Proportional Frequency and Clinical Characteristics of Gastric, Esophageal, and Gastroesophageal Junction Cancers in a Private Medical Group in Brazil.

[BACKGROUND] Gastric cancer (GC) and esophageal cancer (EC) are among the most prevalent malignancies globally and are leading causes of cancer-related mortality. Gastroesophageal junction cancer (GEJC) is considered a distinct entity with specific histopathological characteristics. This study aimed to determine the proportional frequency of GEJC; the clinicopathological characteristics of GC, EC, and GEJC; and adherence to clinical diagnostic guidelines using data from a large private healthcare network in Brazil.

[METHODS] In this retrospective, cross-sectional, descriptive study and database review, records from a Brazilian medical group (Dasa) were evaluated for adults (aged ≥ 18 years) who underwent upper digestive endoscopy between July 1, 2019, and June 30, 2022. Test results from the biopsy date associated with GC, EC, or GEJC diagnosis through December 2022 were collected retrospectively.

[RESULTS] In total, 181 patients were evaluated, including 116 (64.1%) with GC, 37 (20.4%) with EC, 22 (12.2%) with GEJC, and six (3.3%) with lesions in ≥ 2 locations of interest. The ratio of GEJC to GC cases was 0.190, and the ratio of GEJC to EC cases was 0.595. Median (interquartile range) age at diagnosis was 67 (60 - 76) years, and most patients (57.5%) were aged 60 - 79 years. Sixty-two (53.4%), 27 (73.0%), 17 (77.3%), and four (66.7%) patients with GC, EC, GEJC, and lesions in ≥ 2 locations of interest, respectively, were male. The most frequently observed Lauren subtype was intestinal type for both GC and GEJC (68 (58.6%) patients and 18 (81.8%) patients, respectively). Adenocarcinoma was the most frequent histologic subtype observed in patients with EC (n = 21; 56.8%). Among patients with GC, EC, or GEJC and immunohistochemical biomarker testing, human epidermal growth factor receptor 2 expression was positive in 2/28 (7.1%), 1/3 (33.3%), and 1/2 (50.0%) patients, respectively, and mismatch repair deficiency was detected in 2/28 (7.1%), 0/3 (0%), and 0/2 (0%) patients. No patients with GEJC were tested for programmed cell death ligand 1 or claudin 18.2.

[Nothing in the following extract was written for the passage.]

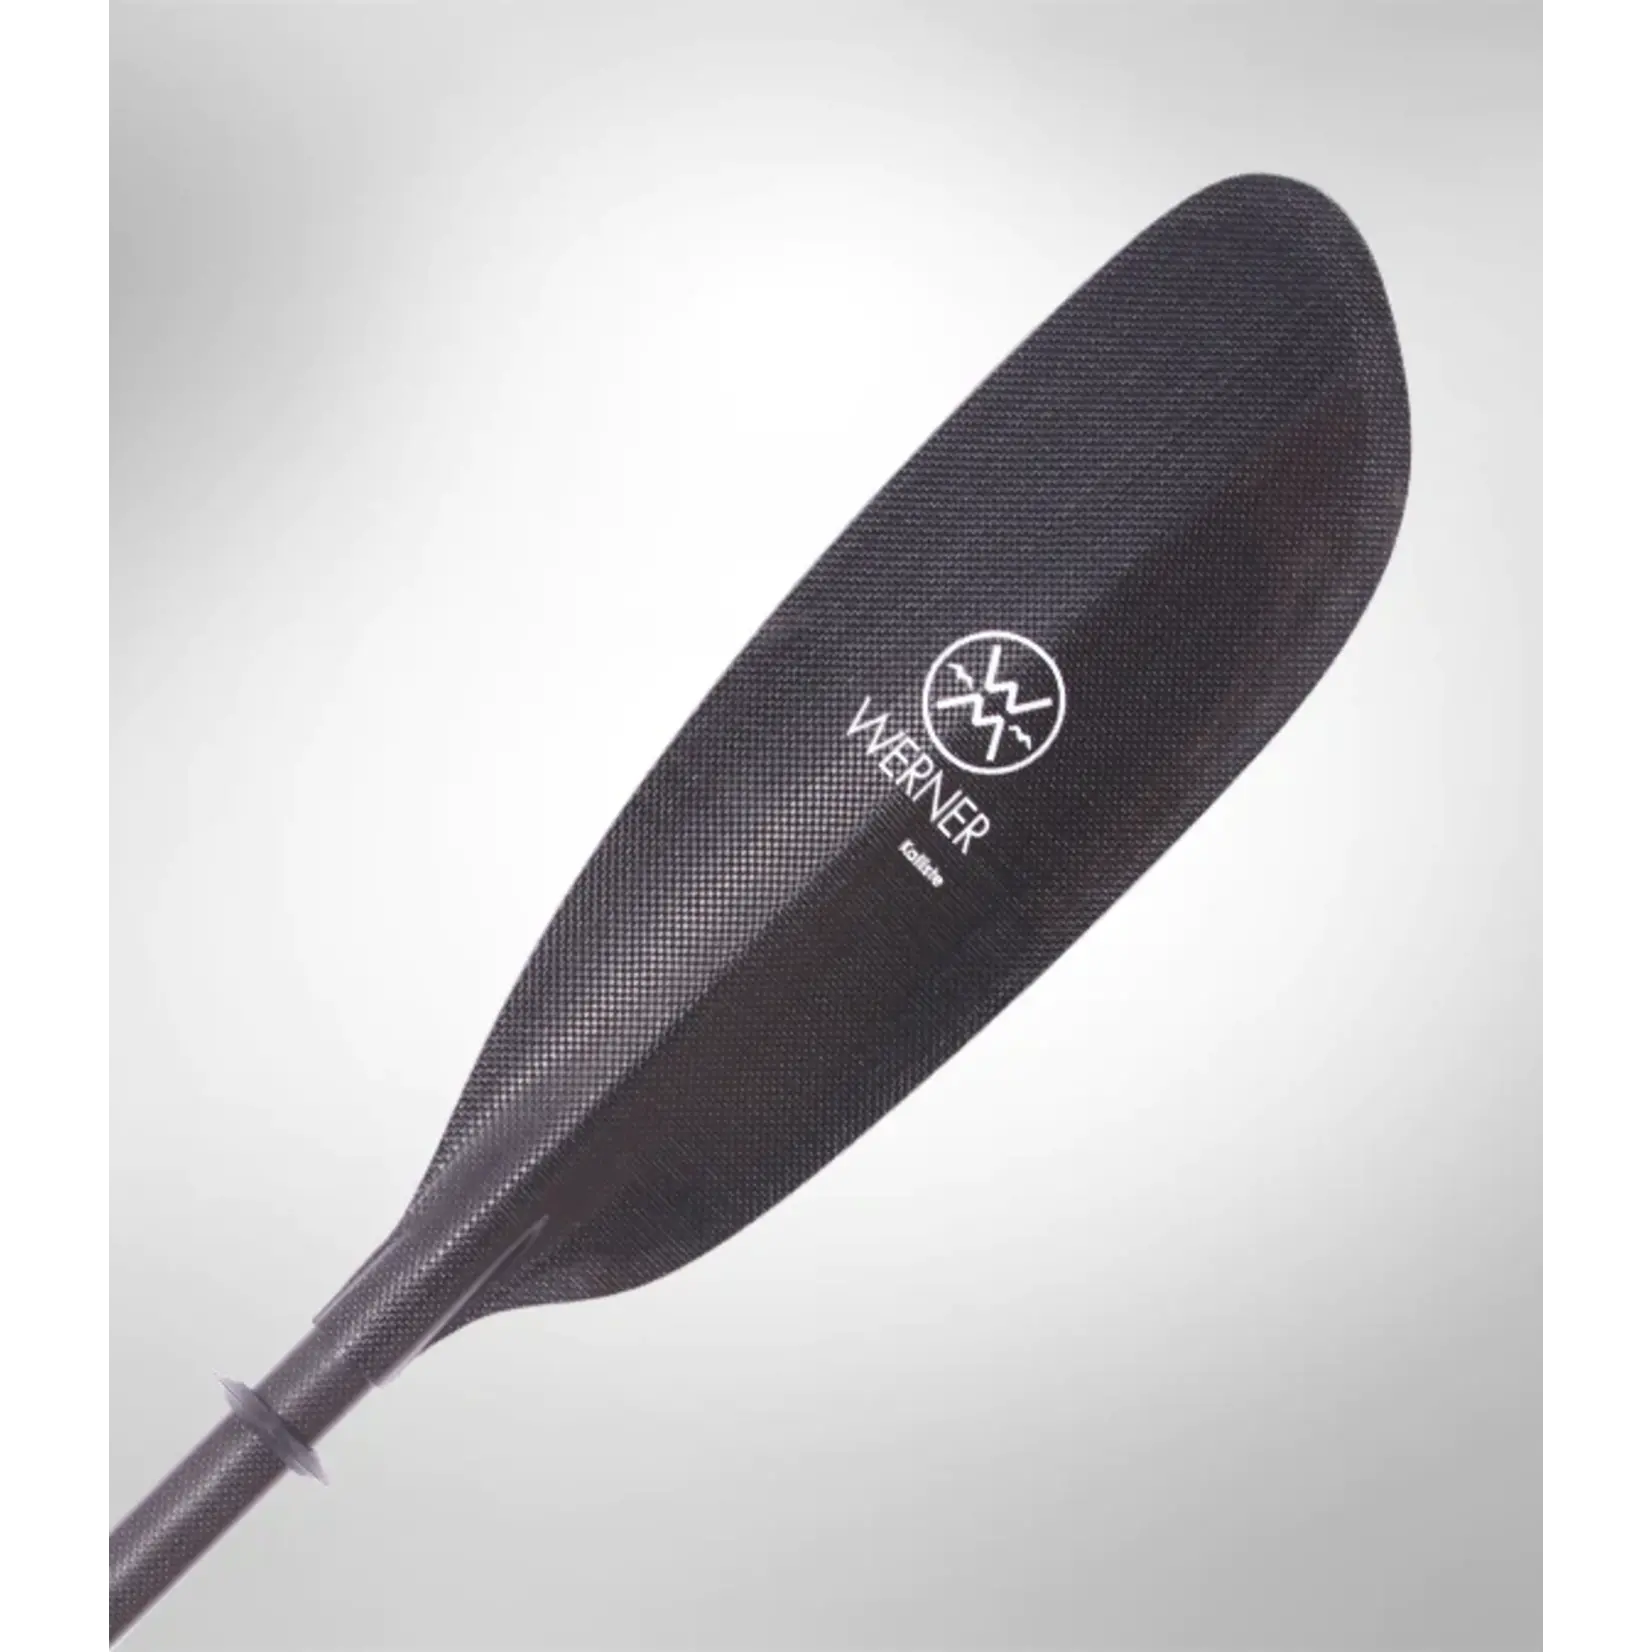 Werner Paddles - Kalliste Carbon 2 Piece Bent Shaft Paddle
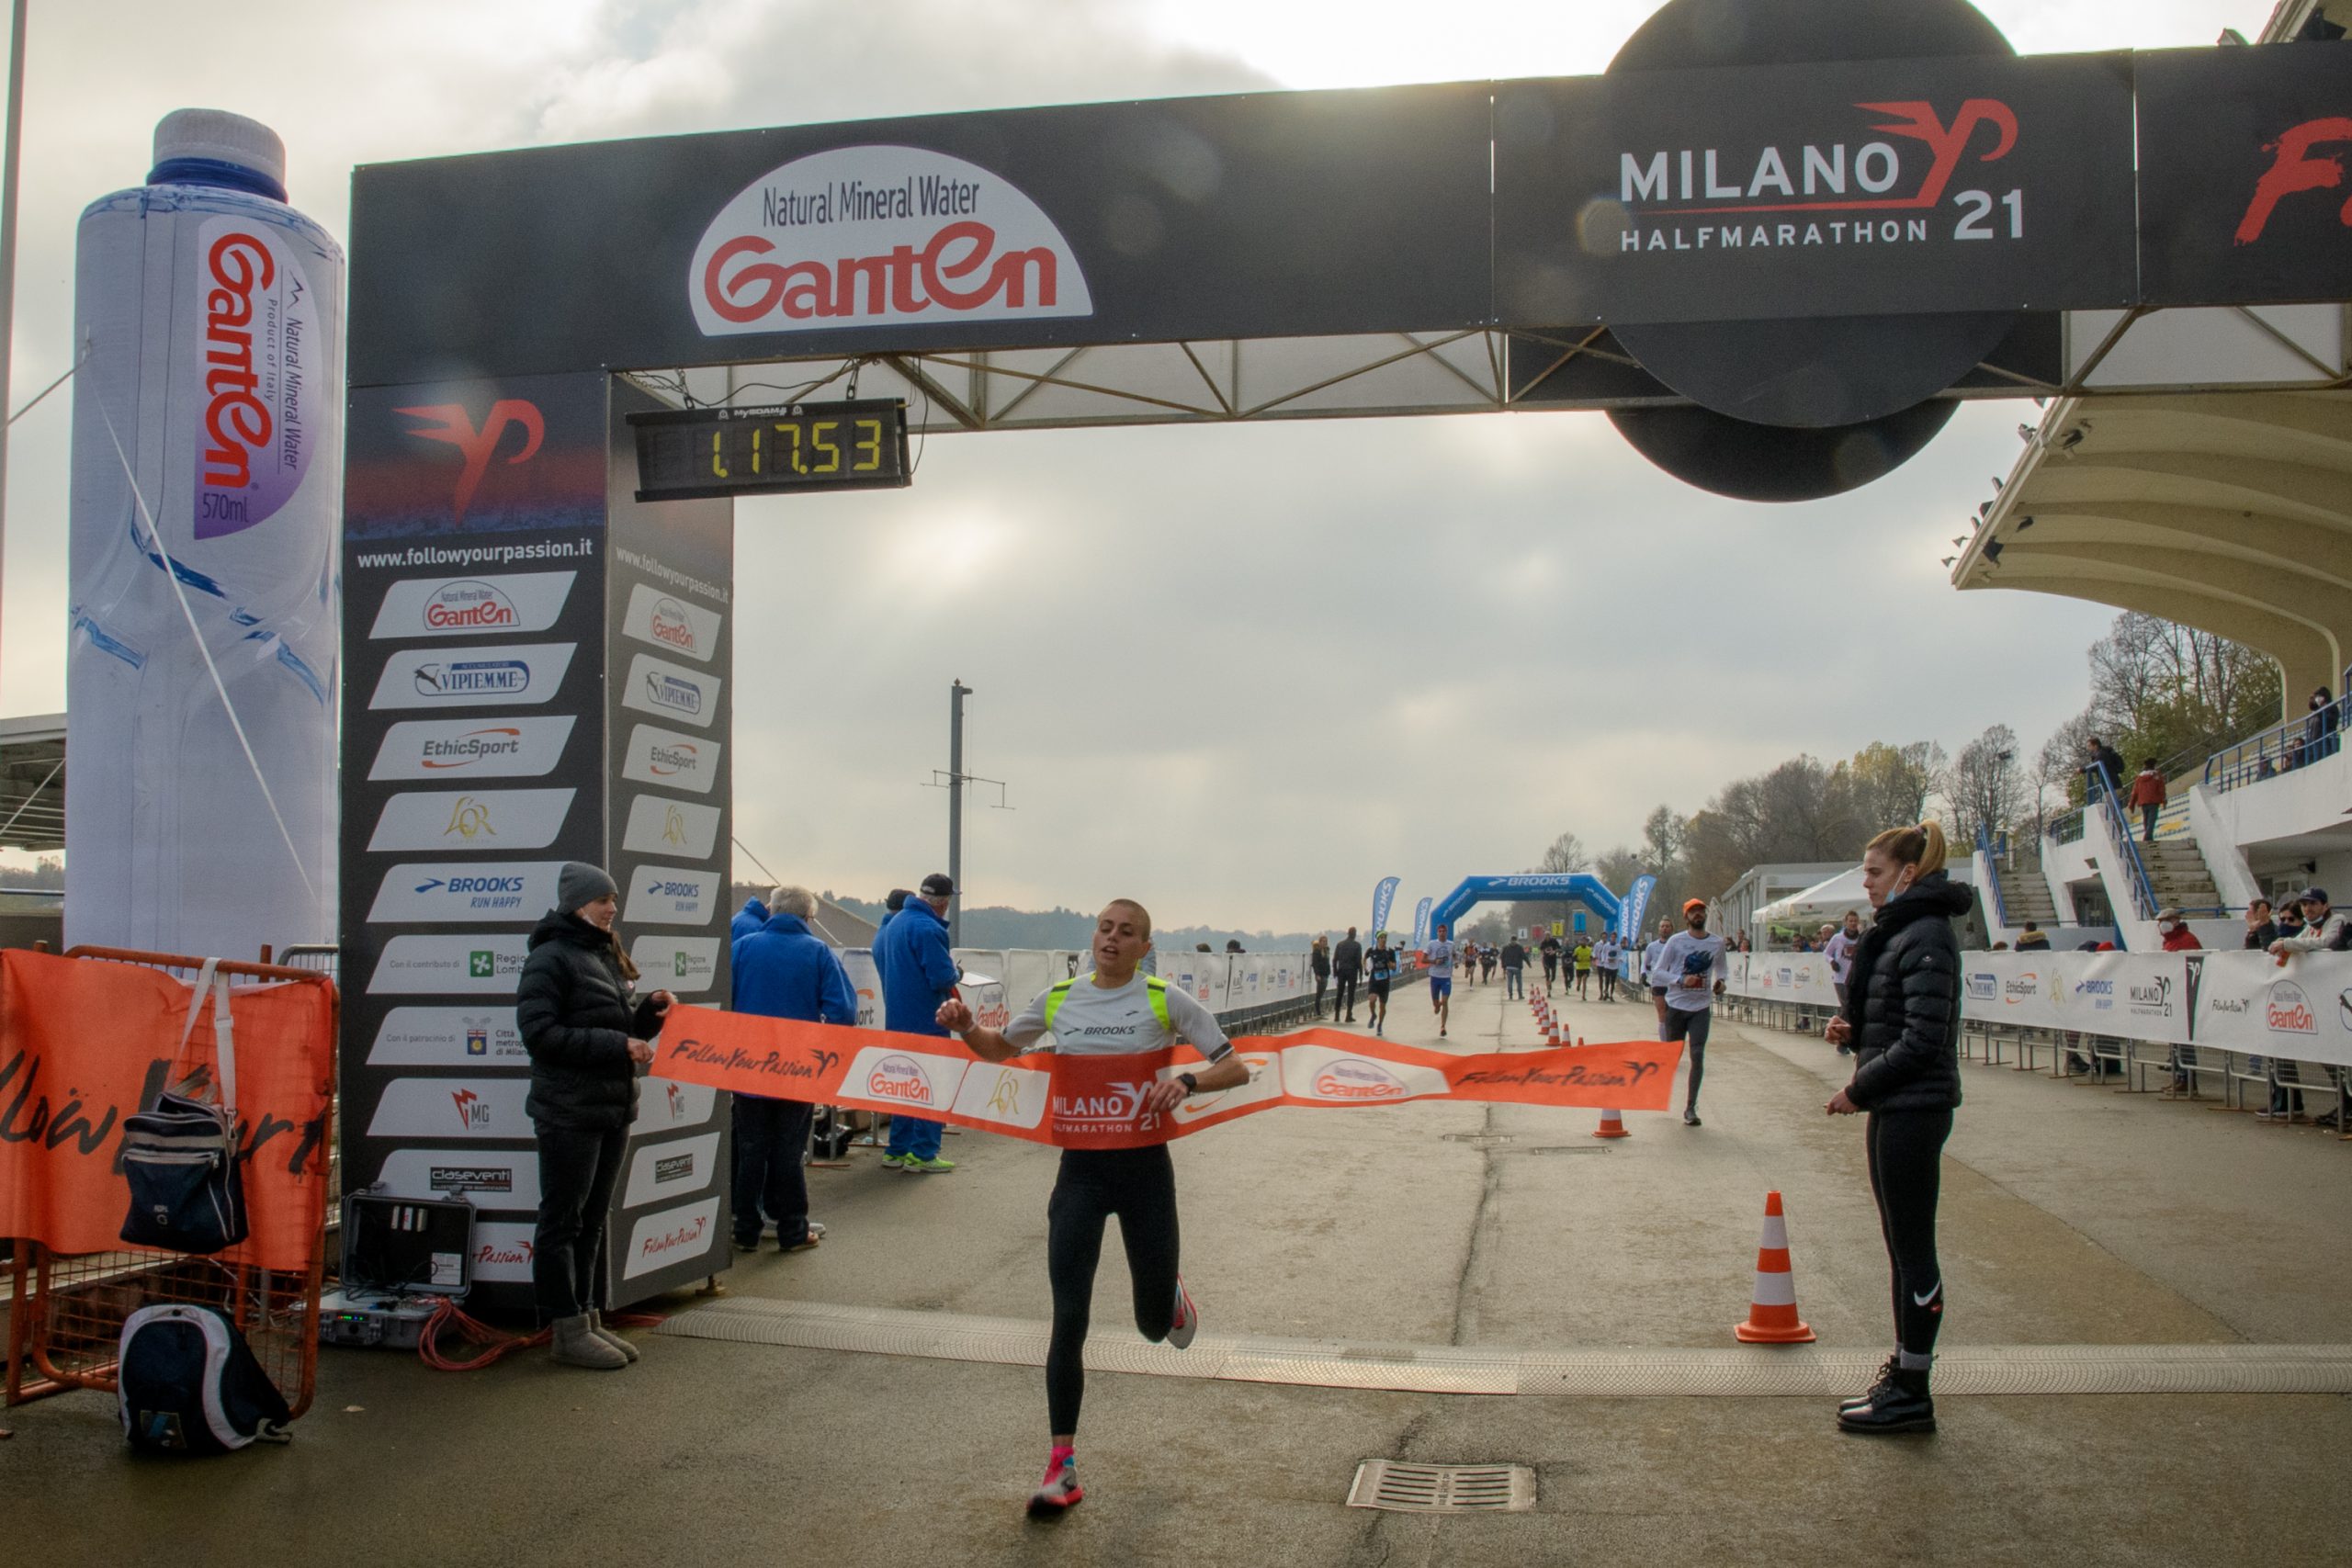 Nella foto di Diego Degiorgi, Fabiola Conti trionfante nella 21k dove ha dominato dal primo all'ultimo chilometro con una gran tattica di gara e variazioni di ritmo.

[CONCLUSIONS] An improved understanding of GEJC characteristics in Brazil is essential for facilitating early diagnosis, identifying optimal treatment strategies, and informing public health policies. The extremely low rates of biomarker testing in this study revealed a significant gap in the implementation of modern oncology guidelines.